About this task:
Retype each line of the material below word for word; pictures stay out.

Data extract:

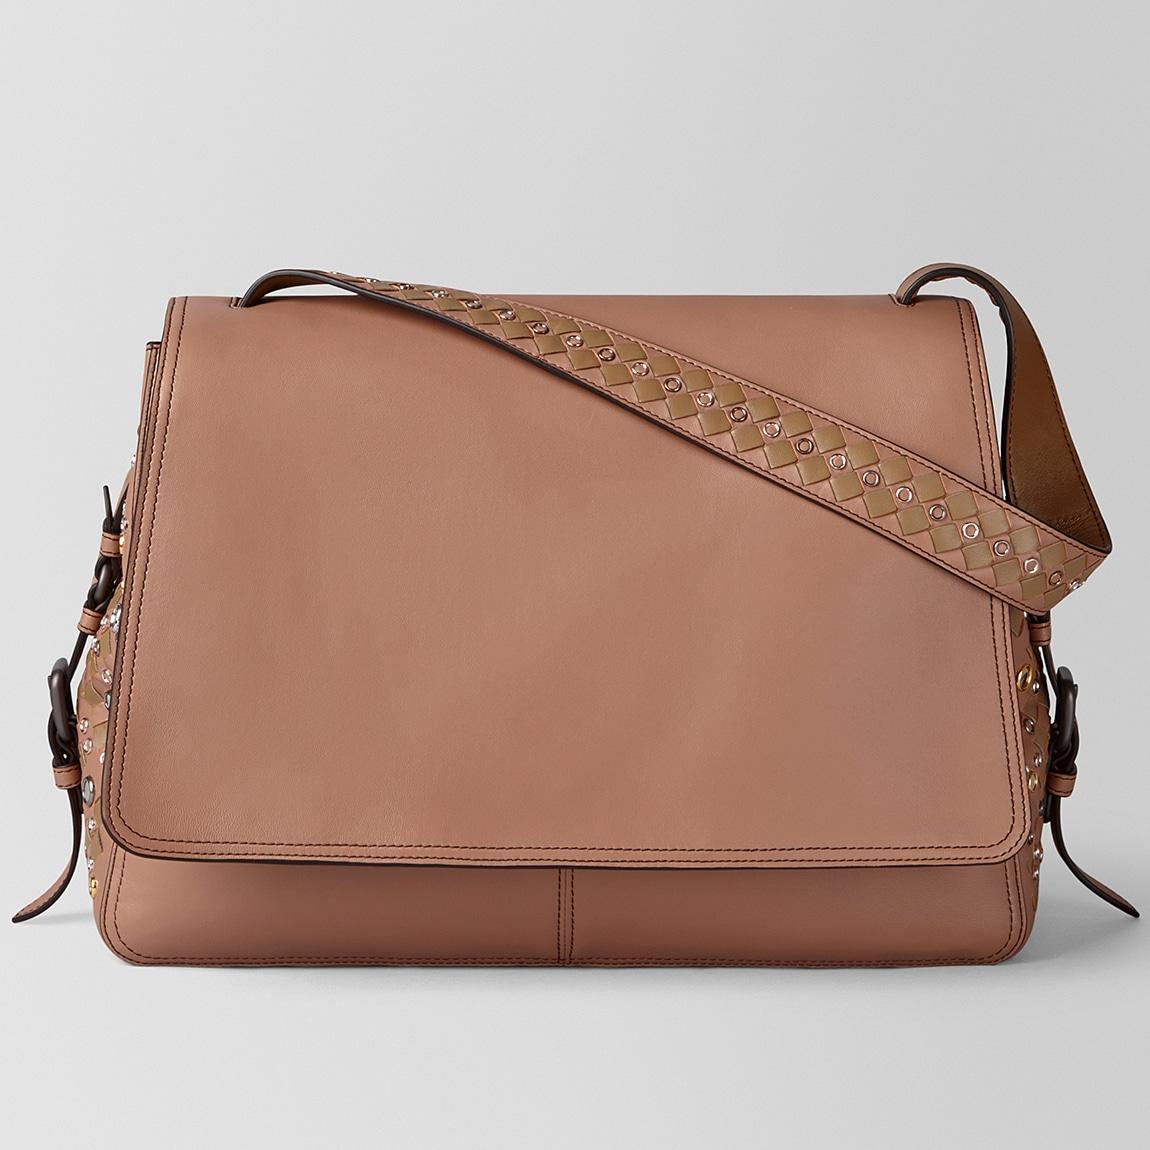 Bottega Veneta Spring Summer 2018 Bag Collection Features The BV73 ... b00bed5dcce82
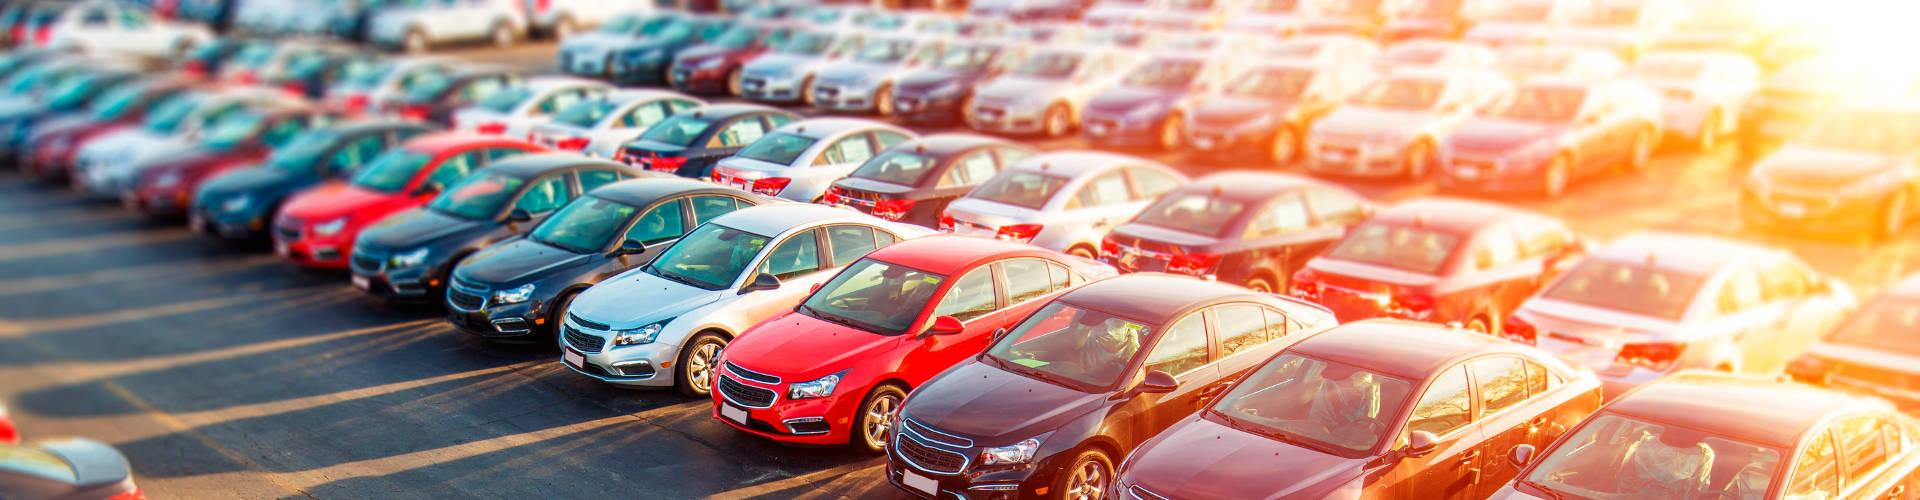 6 Dicas para comprar o carro usado perfeito, Fernandes Consórcios
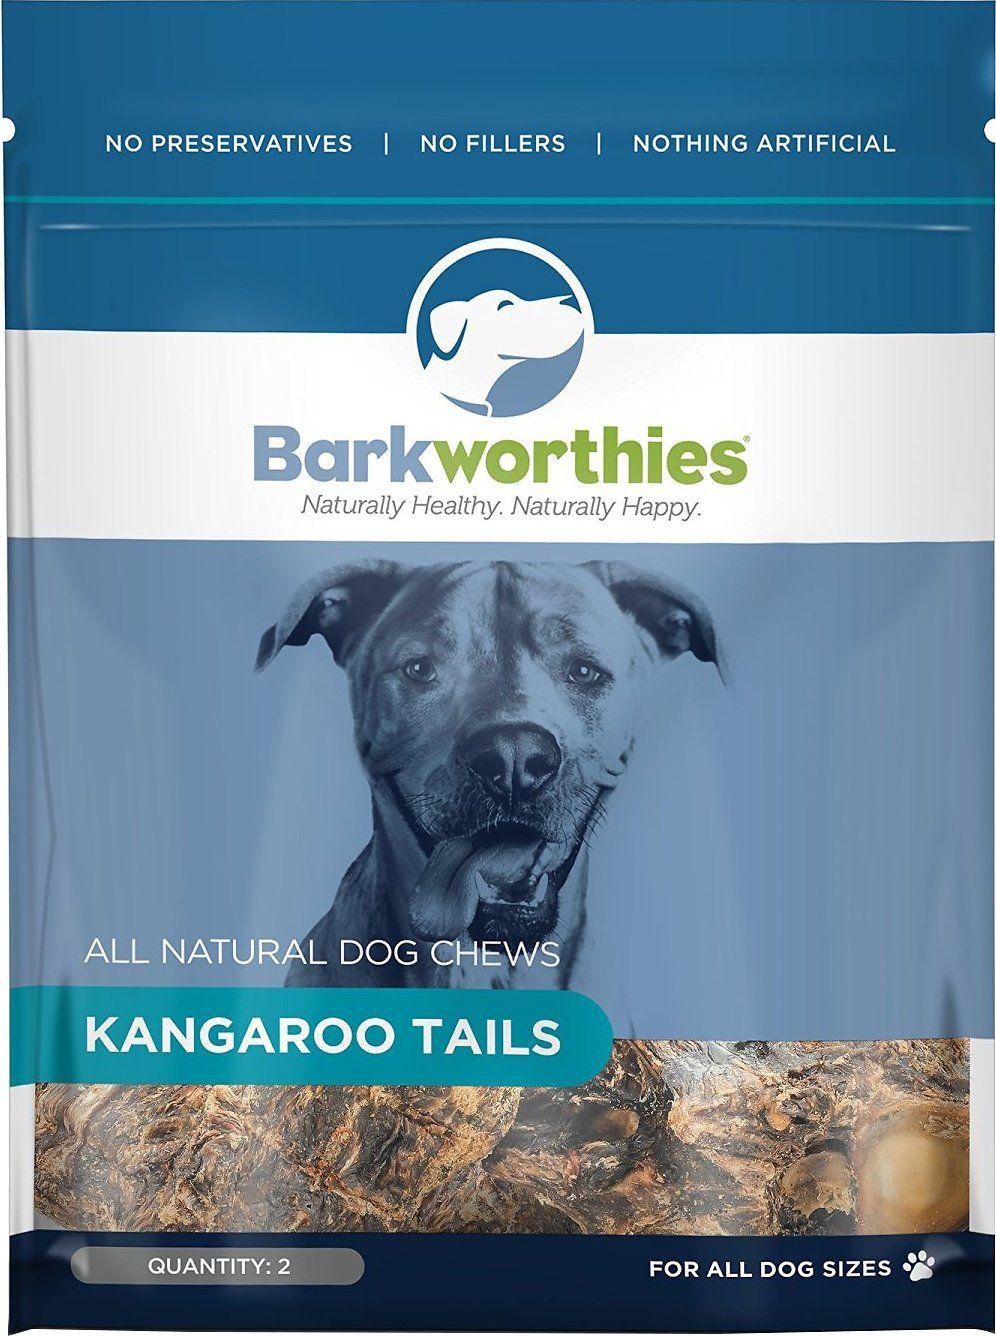 Barkworthies natural kangaroo tails are an allnatural
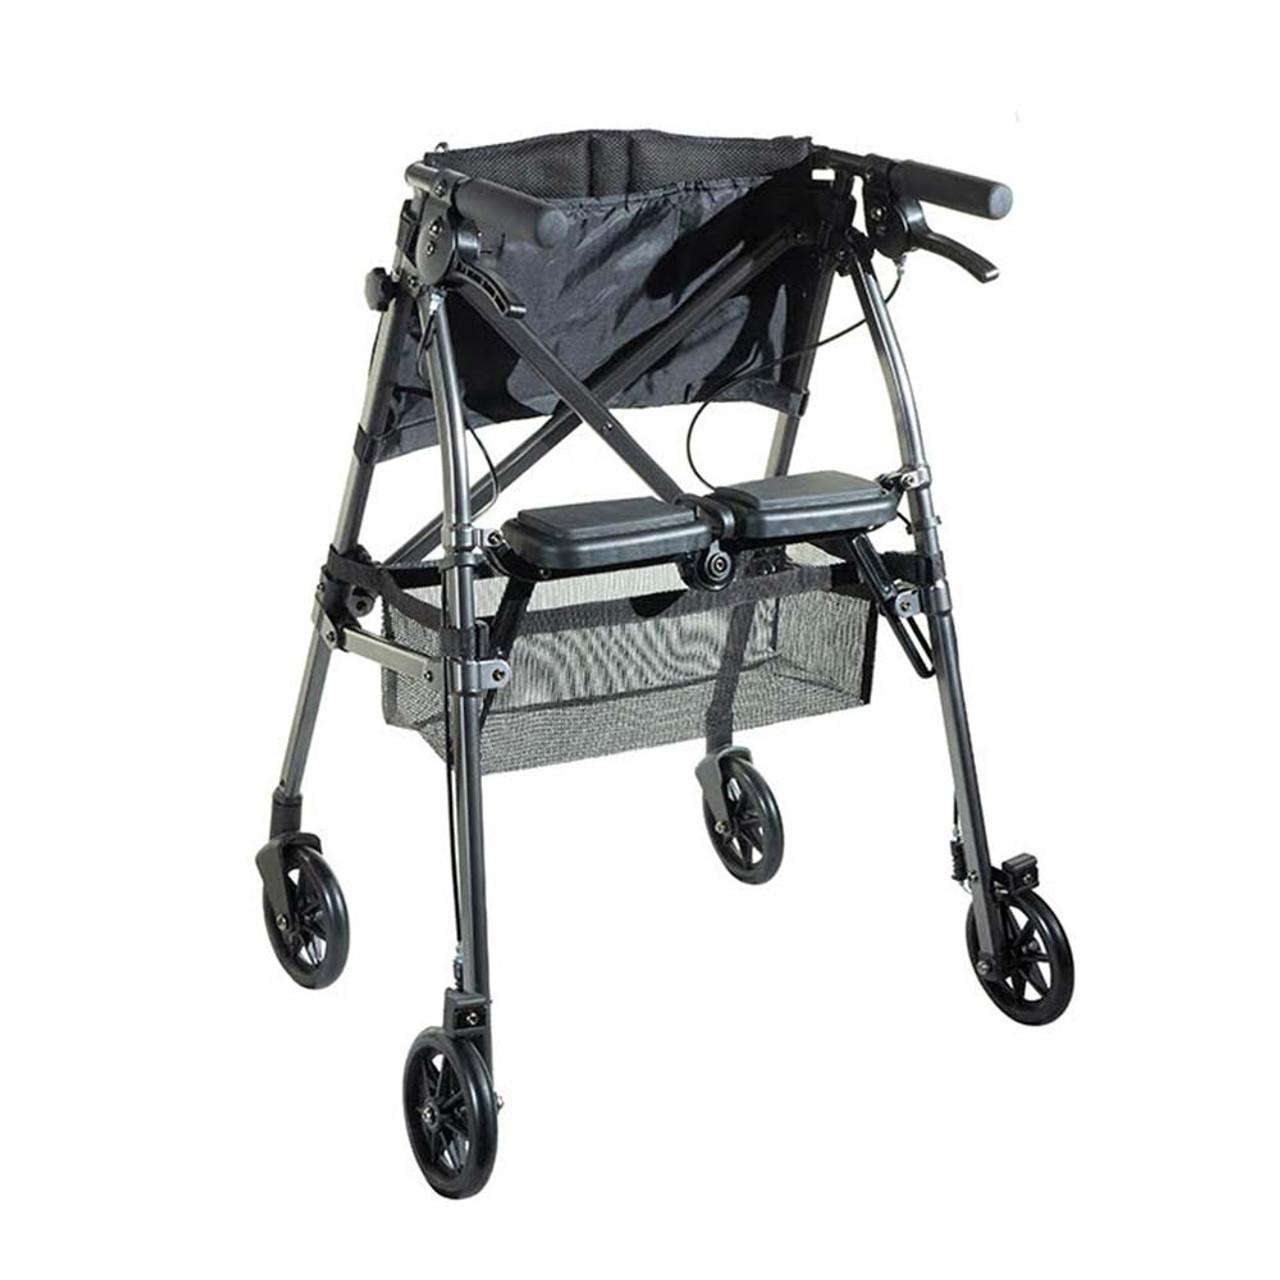 Portable Folding Mobility Walker MWPFL1  Open Back View Black

Solution to this task:
 Bottega Veneta Spring Summer 2018 Bag Collection Features The BV73 ... b00bed5dcce82
 6 Dicas para comprar o carro usado perfeito, Fernandes Consórcios
 Barkworthies natural kangaroo tails are an allnatural
 Portable Folding Mobility Walker MWPFL1  Open Back View Black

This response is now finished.